Protein Folding Explained

Protein folding is a crucial process that gives rise to 3D structures essential for biological function. It is a delicate process that can be disrupted by extreme temperatures, pH, chemicals and space limitations. Miss folding can lead to aggregation and denatured proteins that are no longer functional.


It is assisted by heat shock proteins called chaperones.


The shape of a protein determines how it functions. From insulin that controls sugar levels in the blood to antibodies that fight coronavirus, most biological processes involve proteins. But protein folding is a difficult task. It has been estimated that an unfolded polypeptide chain has an astronomical number of possible shapes, or conformations. [1]

The native structure of a protein is determined by its amino acid sequence and the energy available to fold it, which includes hydrogen bonds between polar amino acids, Van der Waals interactions with water molecules, and the energy of entropy. Whether a protein can adopt its native conformation also depends on the environment, such as its solvent (water or lipid bilayer), pH, temperature, salt concentrations, the presence of cofactors and molecular chaperones, and the kinetic energy of surrounding protein molecules.

It is therefore not surprising that a large number of different proteins have been observed in various states, including aggregated or misfolded forms. In these states, they may not bind to other proteins and thus fail to carry out their cellular function. In order to understand why this happens, biophysical techniques such as stopped flow and fluorescence spectroscopy can be used to study the dynamics of a small sample of a protein.

Hydrophobic Interactions

Many of the steps in protein folding involve short-range interactions between a limited set of amino acid residues that form clusters. Then these regions coalesce to form ordered backbone structures (a-helixes or b-sheets). The final stage is the formation of tertiary structure as long-range contacts between amino acids are formed.

The hydrophobic effect is a strong driving force in the early stages of protein folding. This is a result of the patterns of non-polar side chains that are formed in the protein sequence. The dimensions of these patterns are critical, and a protein with a larger number of fully buried polar residues can be significantly more destabilized than one with a similar number of exposed polar residues.

The interaction of these residues with water molecules is crucial to the protein’s stability. Recent studies have shown that the number of hydrogen bonds formed by a water molecule with a protein is relatively constant, both in bulk water and at the protein-water interface10,11.

Disulfide Bonds

Protein folding often involves covalent bonding through disulfide bonds formed between the thiol groups of two cysteine residues. These links (also known as disulphide bridges or S-S bonds) are essential for many functions, such as stability and tertiary structure. The formation of these bonds is a key step in the transition between the amorphous “molten globule” state and the native folded structure.

The cytosol in eukaryotic cells contains reducing agents that keep cysteine residues in their reduced form, preventing the formation of disulfide bonds. To overcome this, proteins must fold in a redox-active environment such as the endoplasmic reticulum, where a special enzyme called PDI is required to oxidatively form and break these bonds as needed.

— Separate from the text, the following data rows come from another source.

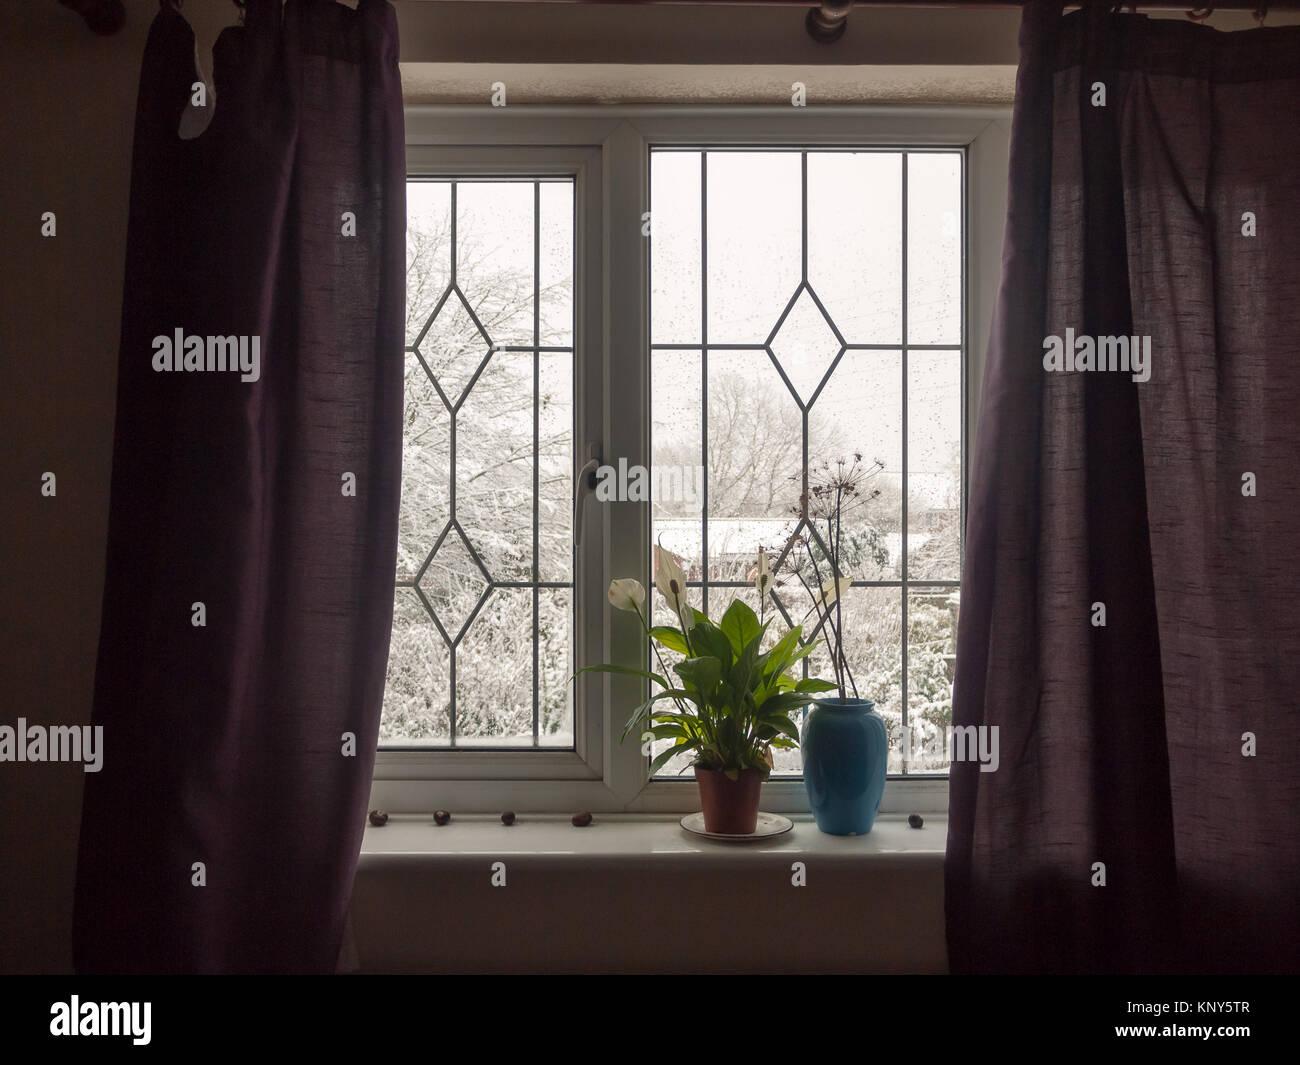 inside curtains window house room windowsill plant blue vase ...
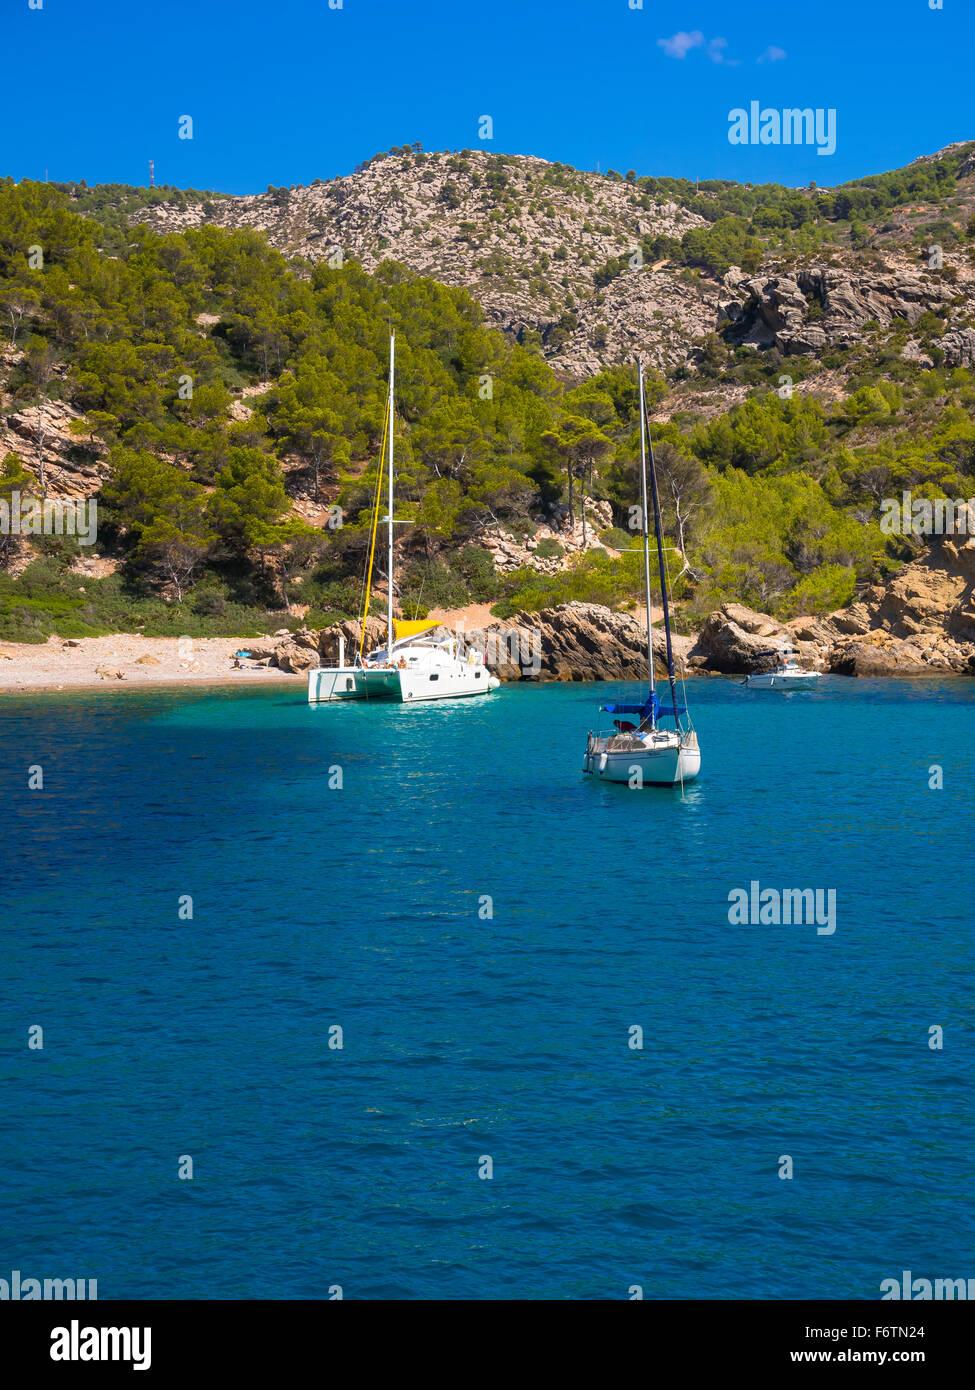 Spain, Mallorca, Region Andratx, Punta de Sa Dent, beach and boats - Stock Image
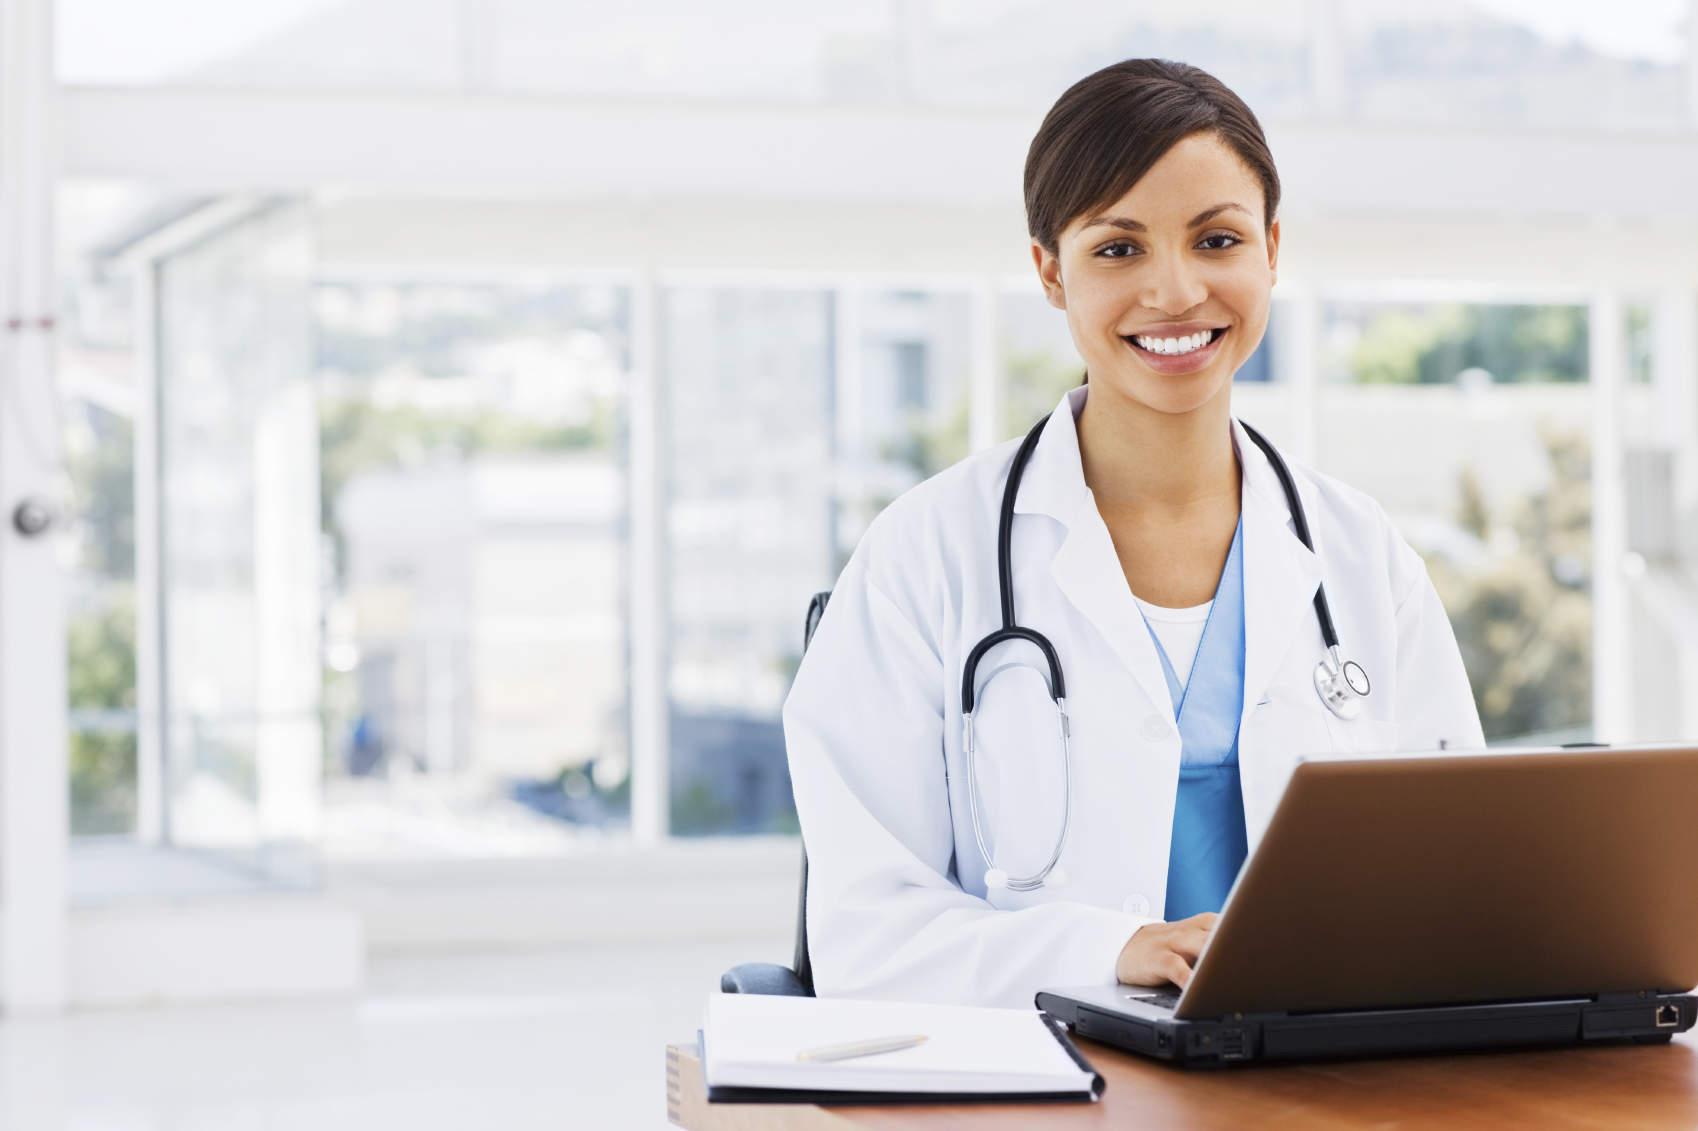 Fazer o telefone de seu consultório ser atendido aumenta a produtividade da sua clínica.

Despite great progress over the past 30-plus years, the exact mechanism by which PDI recognizes incorrectly oxidized proteins and promotes their proper rearrangement remains unclear. It is likely that different PDI paralogues have cysteines with a range of electron affinities and that each binds to only a fraction of the possible disulfide pairs found in the target protein.

Secondary Structure

Protein folding involves the formation of secondary structures such as a-helixes and beta pleated sheets. These structures form from the peptide backbone of the polypeptide chain. The secondary structure forms in a manner that gives the protein its geometric shape. These structures then interact with each other to give the protein its tertiary structure. The tertiary structure of a protein is determined by interactions and bonding between amino acid side chains. It is generally accepted that evolution has designed protein sequences so that the overall energy landscape of the molecule largely favors folding. This is known as the “folding funnel” theory.

Many methods have been developed to predict the three-dimensional structure of proteins. These methods use information such as amino acid type and polarity, phi and psi angle preferences and hydrogen bond donor and acceptor positions in the protein’s peptide backbone to construct models of a protein’s secondary structure.

X-ray crystallography is another method used to determine protein structure. This technique uses a pattern of deflected X-rays to determine the positions of the thousands of atoms that make up a protein.

Tertiary Structure

The final stage of protein folding is when the secondary structures fold into each other to give a three-dimensional shape to proteins. This is called the tertiary structure of a protein and it is mainly stabilized by interactions between amino acid side chains, which are the unique chemical groups that distinguish each amino acid from other proteins. These are either positively or negatively charged, polar uncharged, or non-polar and can interact with each other through hydrogen bonds, salt bridges, and disulfide bonds.

The primary structure of a protein is encoded by its amino acid sequence and this dictates the type of secondary structures that will form, for example alpha helices or beta pleated sheets. The sequence also determines the location of these secondary structures within a protein.

The interactions that occur between these different layers of a protein are what make it functional. If these interactions are disrupted by temperature, pH changes, chemicals, or molecular crowding then a protein will lose its higher-order structures and return to its unstructured string of amino acids state, this is called denaturing a protein.